Bartholow pressed his hand and held it long
Before he let it go again. “Good-bye!”
He said. “We should have known each other better
If I had known myself. A word of yours
Will always find me—somewhere. You know best
Where you belong—whether among your dead,
Who are still with us, or among the living
Who are not yet alive.”
The man of books
Answered him only with a lonely smile;
And then, among the slowly falling leaves,
He walked away and vanished gradually,
Like one who had not been. Yet he had been
For Bartholow the man who knew him best,
And loved him best,—acknowledging always one
That had betrayed and saved him. He was gone,
Also, and there was no more to be said
Of him; and there was no more to be paid,
Apparently, on either side. The sum
Of all that each had ever owed the other
Was covered, sealed, and cancelled in a grave,
Where lay a woman doomed never to live—
That he who had adored her and outgrown her
Might yet achieve. He sighed, and saw the ivy
Glimmering on the wall of the old house
Like an old garment over covered years,
Till his imagination made of it
The cover and the integument itself
Of the unseen. The tangled roots of wrong

856

Were drawing always out of hidden soil
The weird existence of a tangled vine
Too vaguely intertwisted and involved
For sanguine gardeners, who might only prune
Or train a few new branches. “Well, that's something,”

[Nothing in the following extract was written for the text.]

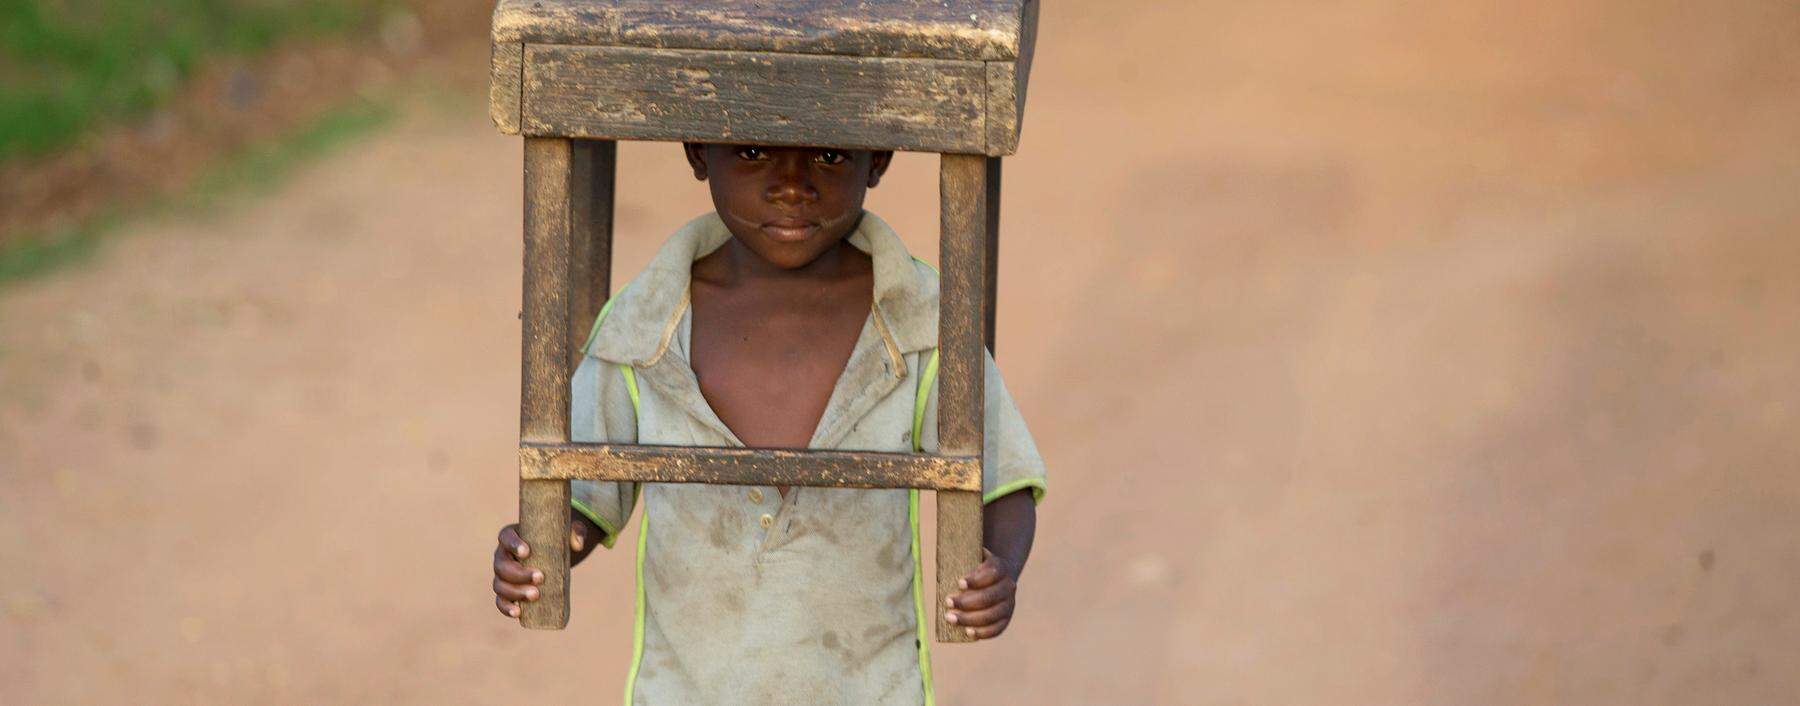 Ein Bub in der Zentralafrikanischen Republik. Krieg, Armut und Flucht bestimmen das Leben der 5,5 Millionen Einwohner in dem Land.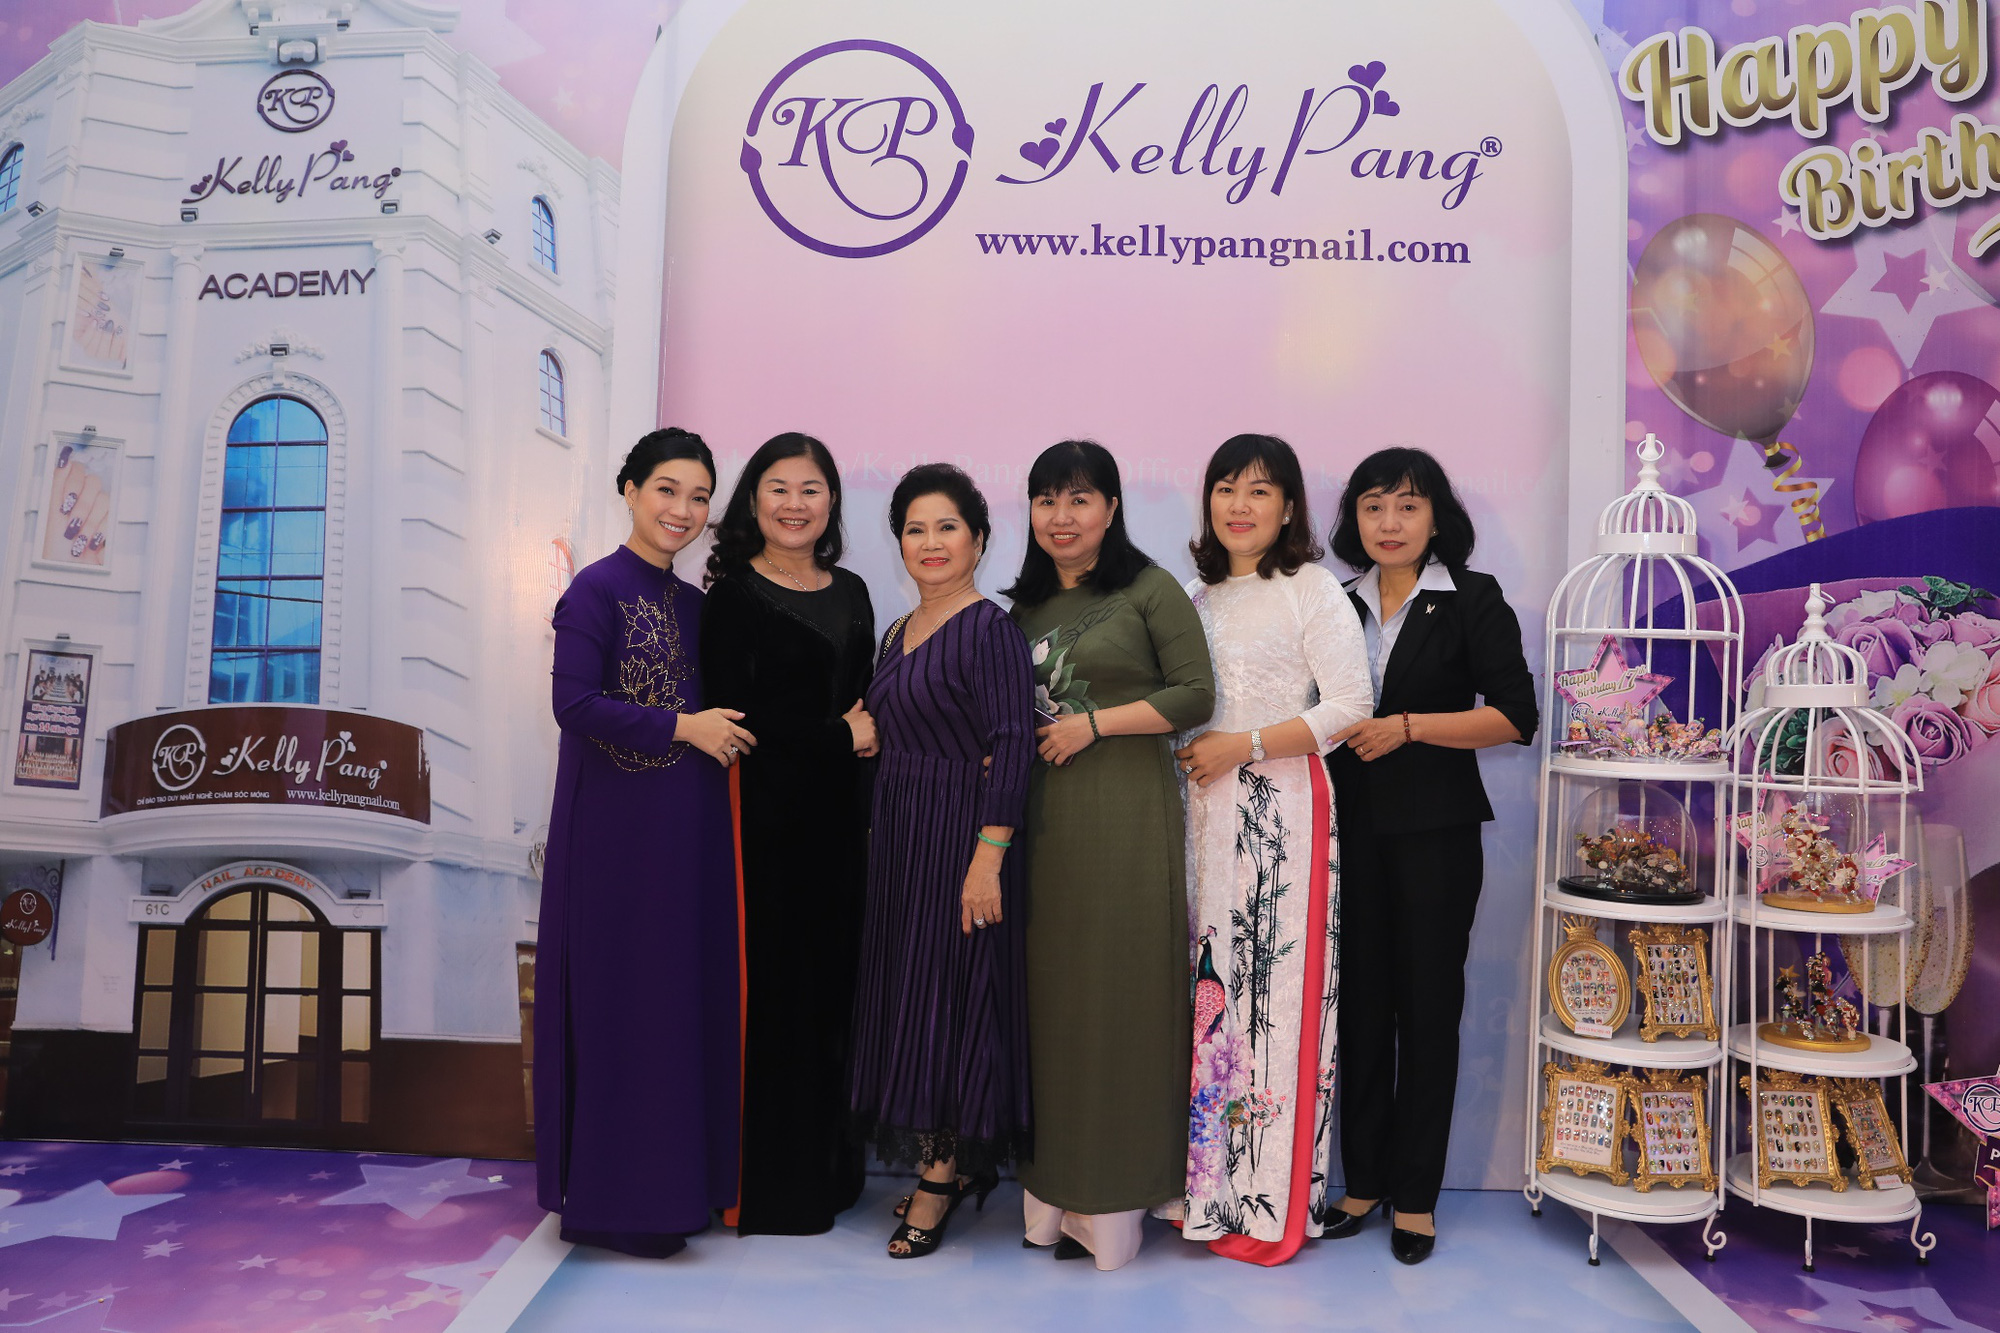 Câu chuyện thành công của Kelly Pang truyền cảm hứng với những ai muốn khởi nghiệp với nghề nails - Ảnh 1.

Gabrielle might have answered then, he fancied;
And she might then have smiled as wearily
As on that unforgotten unreal evening
When she had touched his forehead with her lips
Before she had gone silently upstairs,
And silently away. ...
He locked the door,
Aware that even the key to the old house
That had so long been his was his no longer,
And in the twilight went away from there.
Over the footworn flagstones and the gravel,
Under the trees and over the long road
Between him and the gate, he walked away,
Knowing that he had seen for the last time
The changeless outline of those eastern hills,
And all those changing trees that flamed along
A river that should flow for him no more.